Shortest locking pathway
Finally, we discuss how the transition manifold embedding can be used to identify transition pathways and artificial trajectories between two states \(x_A\) and \(x_B\) on the transition manifold. There is no single, universally accepted concept of an “optimal” transition pathway between two states, and many proposed definitions with differing objectives and physical interpretations exist [37,38,39]. The TMF proposes another such pathway, namely the geodesic between \(p^t(x_A,\cdot )\) and \(p^t(x_B,\cdot )\) on the transition manifold \(\mathbb {M}\). This is the shortest differentiable curve \(\varGamma \) in the metric space \(L^1\) that starts in \(p^t(x_A,\cdot )\), ends in \(p^t(x_B,\cdot )\), and does not leave \(\mathbb {M}\). As each point \(p^t(x,\cdot )\in \mathbb {M}\) corresponds to exactly one starting point \(x\in \mathbb {R}^{3d}\), we can “pull back” \(\varGamma \) to a “traditional” transition pathway \(\gamma \) in state space by setting \(\gamma (x):= \varGamma \left( p^t(x,\cdot )\right) \). Note that, while \(\gamma \) has a clear interpretation within the TMF, its interpretation in terms of more intuitive dynamical concepts such as transition probabilities or minimum energy pathways is still outstanding. For further discussion on the link between the transition manifolds and transition path theory, see [21].

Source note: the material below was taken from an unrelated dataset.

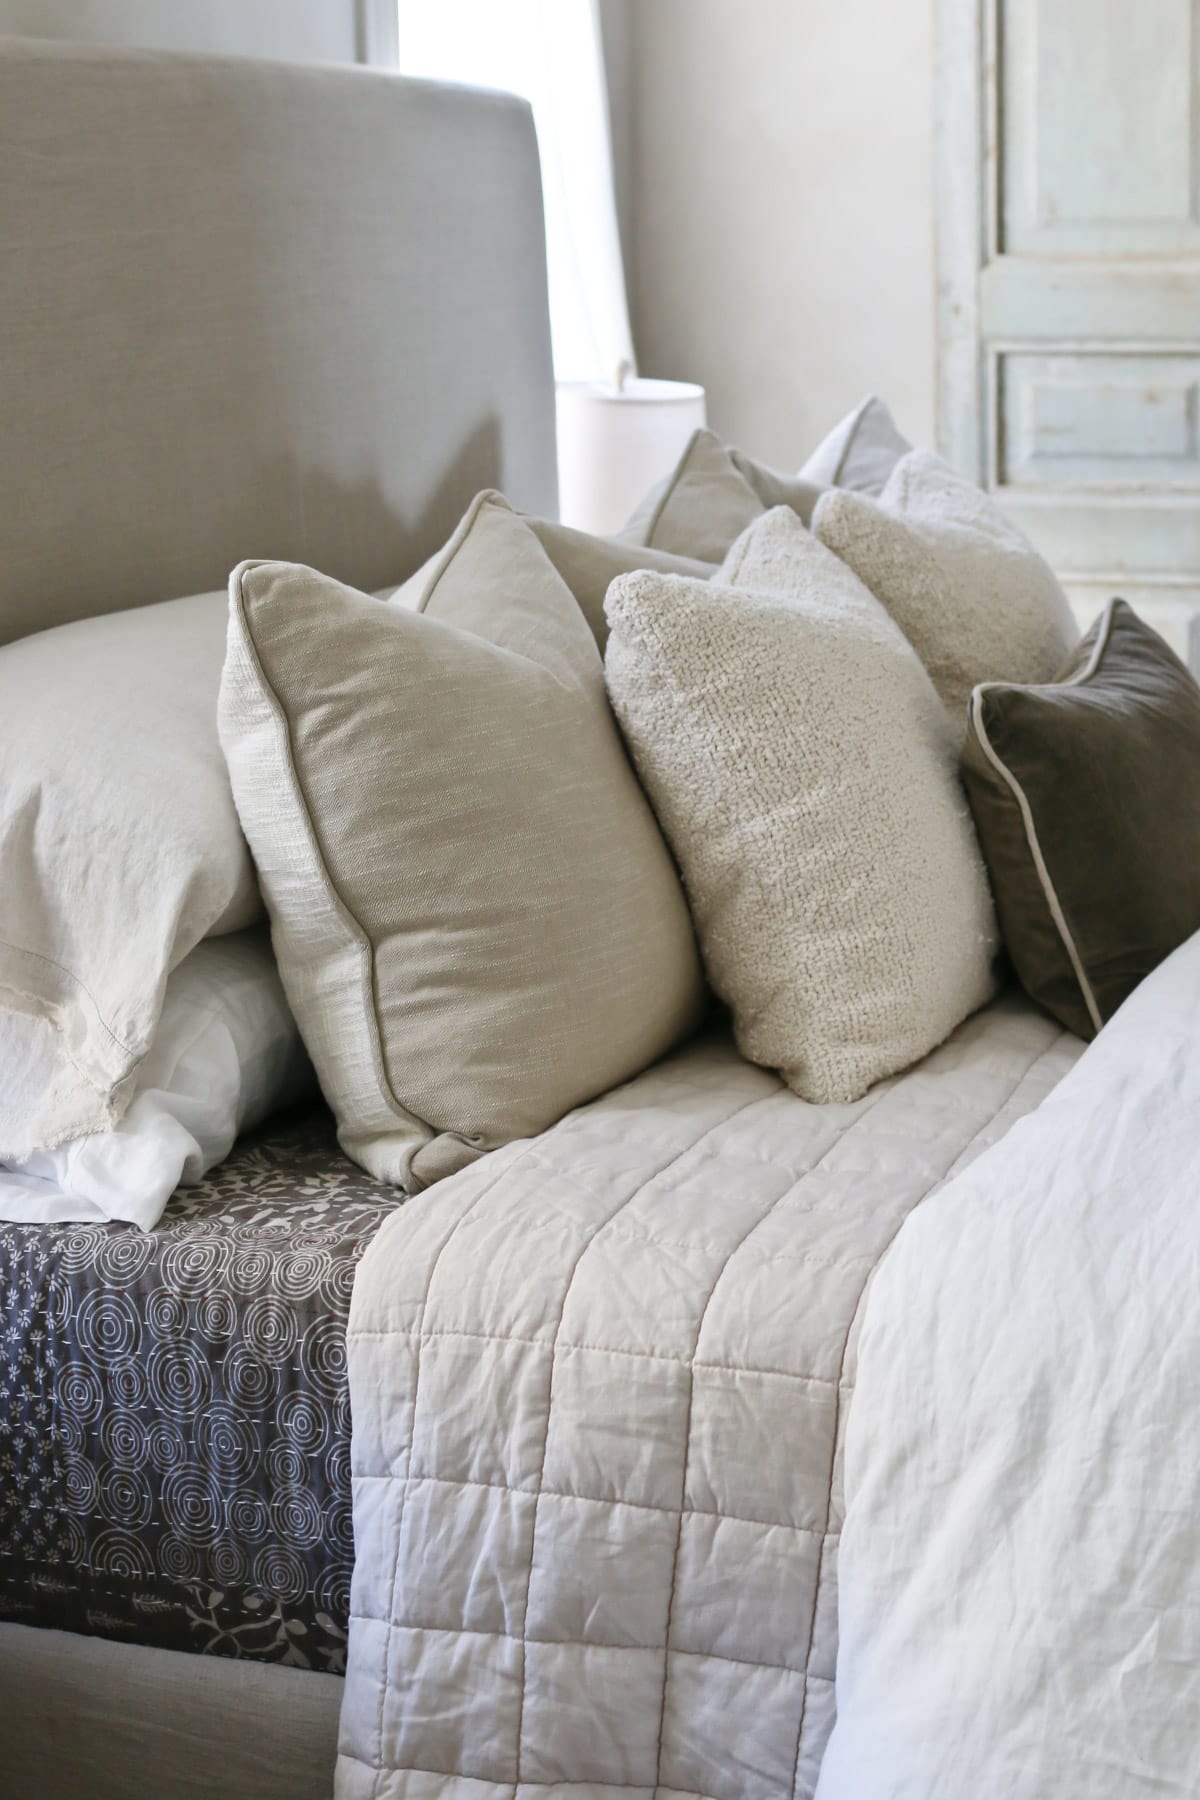 How to style a bed like a designer

As our data consist only of discrete samples close to \(\mathbb {M}\), we take a heuristic approach for the numerical computation of \(\gamma \). We construct a weighted, complete graph \(G= (V,E,W)\) with nodes \(V=\{x_1,\ldots x_n \}\) and edges \(E=\{(x_i,x_j)~|~i,j=1,\ldots ,n\}\). For the weight matrix \(W\in \mathbb {R}^{n\times n}\), we take the squared maximum mean discrepancy
$$\begin{aligned} W_{ij} = D_{ij}^2. \end{aligned}$$
The squaring compresses small, local distances, and further increases already long distances. The discrete shortest path in G between the nodes \(x_A, x_B\) thus tends to take small steps instead of large jumps, and thus is encouraged to follow the transition manifold. Thus, we can take this discrete shortest path as a heuristic approximation of \(\gamma \).